How to specify a hierarchical GAM (HGAM) model with two categorical & a continuous predictor using s(y1, by=y2:y3)) in mgcv?

Starting with dummy data for the question:

zone <- c(rep("Z1",1000),rep("Z2",1000),rep("Z3",1000),rep("Z4",1000))
scenario <- rep(c(rep("S1",250),rep("S2",250),rep("S3",250),rep("S4",250)),4)
model <- rep(rep(c(rep("m1",50),rep("m2",50),rep("m3",50),rep("m4",50),rep("m5",50)),4),4)
time <- rep(seq(2021,2070), 80)
response <- rep(c(rep(rnbinom(50, mu =exp(4), size = 50), 5), 
        rep(rnbinom(50, mu =exp(4.5), size = 50), 5), 
        rep(rnbinom(50, mu =exp(5), size = 50), 5), 
        rep(rnbinom(50, mu =exp(6), size = 50), 5)),4)

df <- cbind(zone, scenario, model, time, response)
df <- as.data.frame(df)
df$zone <- as.factor(df$zone)
df$scenario <- as.factor(df$scenario)
df$model <- as.factor(df$model)
df$time <- as.numeric(df$time)
df$response <- as.numeric(df$response)

I'm trying to fit a fairly simple GAM model in mgcv in R. I'm interested in how a response variable might vary through time (predictions between 2021 - 2070). I expect that the response will be non-linear, so I first fit a smoother over time:

library(mgcv)

m1 <- response ~ s(time)

In this case, there are four models (m1, m2, m3, m4) that each predict how the response may vary into the future under four different "scenarios" of increasing intensity (S1, S2, S3, S4). I'm not explicitly interested in how the models vary (I expect them to), but instead I'm interested in how the scenarios (from all four model predictions) may vary into the future. To account for this structure of the data (i.e. that each scenario contains four model predictions), I've included "model" as a random effect:

m2 <- gam(response~s(time, k=-1) + scenario + s(model, bs='re'), data=df)

Given that the non-linear response between "response" and "time" is likely to vary among scenarios, I've fitted a model with separate smoothers for each level of scenario using the "by" function:

m3 <- gam(response~s(time, by=scenario, k=-1) + scenario + s(model, bs='re'), data=df)

To add to the complexity, the area that the predictions are modeled from is split into four separate zones, so an additive term of "zone" is included in the model:

m4 <- gam(response~s(time, by=scenario, k=-1) + scenario + zone + s(model, bs='re'), data=df)

My question is: I've accounted for the expectation that the "wigglyness" of the response through time may vary across scenarios in m3 by including s(time, by=scenario, k=-1), but... how do I expand that model to account for the potential for the response to vary not only by scenario but also by zone? I envisioned this as something like:

m5 <- gam(response~s(time, by=scenario:zone, k=-1) + scenario + zone + s(model, bs='re'), data=df)

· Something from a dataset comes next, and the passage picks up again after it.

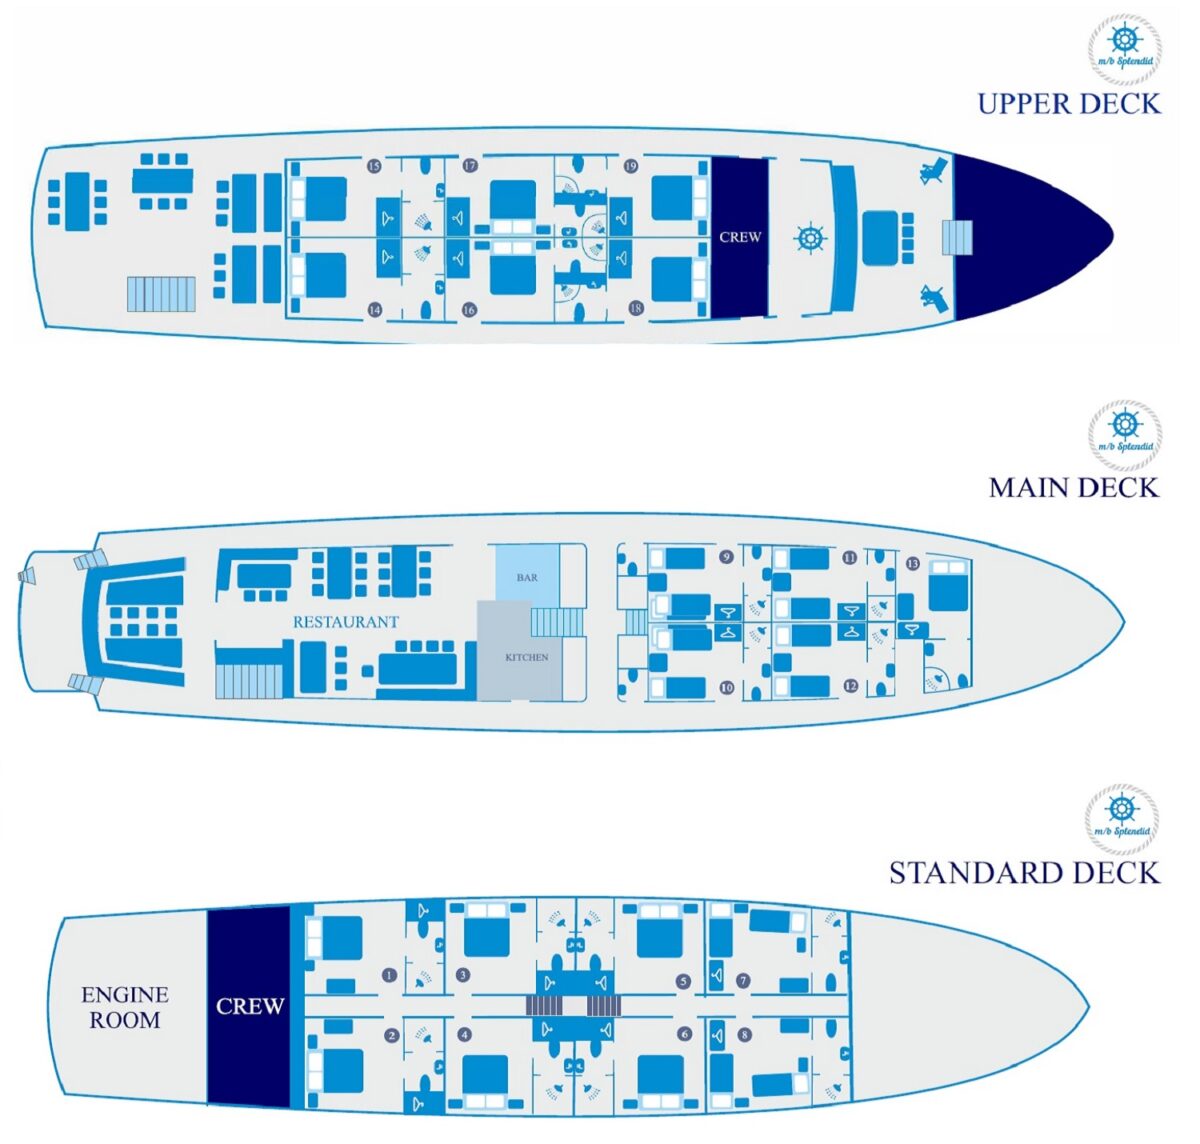 Deck Plan (All Decks) - MS Splendid Croatia Cruise Ship

But this isn't the correct syntax. After reading the honestly excellent paper "Hierarchical generalized additive models in ecology: an introduction with mgcv" in PeerJ several times now, but I'm struggling to understand the leap between the nonlinear functional relationship between a simple x~s(y) gam model and how the shape of the function varies between not one, but two different grouping levels.

As far as I can tell I'd need "A single common smoother plus group-level smoothers with differing wiggliness (Model GI)" approach here to allow each each group-specific smoother (here "scenario" and "zone") to have its own smoothing parameter and hence its own level of wiggliness, but i'm struggling to see how this model would fit into the HGAM approach. How can I adapt M5 to fit within the HGAM framework?

Solution

The factor by variable really just codes for the rows in the input data that should be kept together and get their own smooth.

So your intuition is right, that you need the interaction of scenario and zone, but in practice you can't do it via a formula operation inside s() or te() etc.

What you need to do is create the interaction first in your data and then pass that to the by argument:

df <- transform(df, zone_in_scenario = interaction(zone, scenario, drop = TRUE))

The you can use by = zone_in_scenario in your smooth.

You also need to adjust the factor fixed effects to be zone * scenario as you need group means for each combination of these two factors, and this will get you a group mean for each of the smooths that will now be fitted.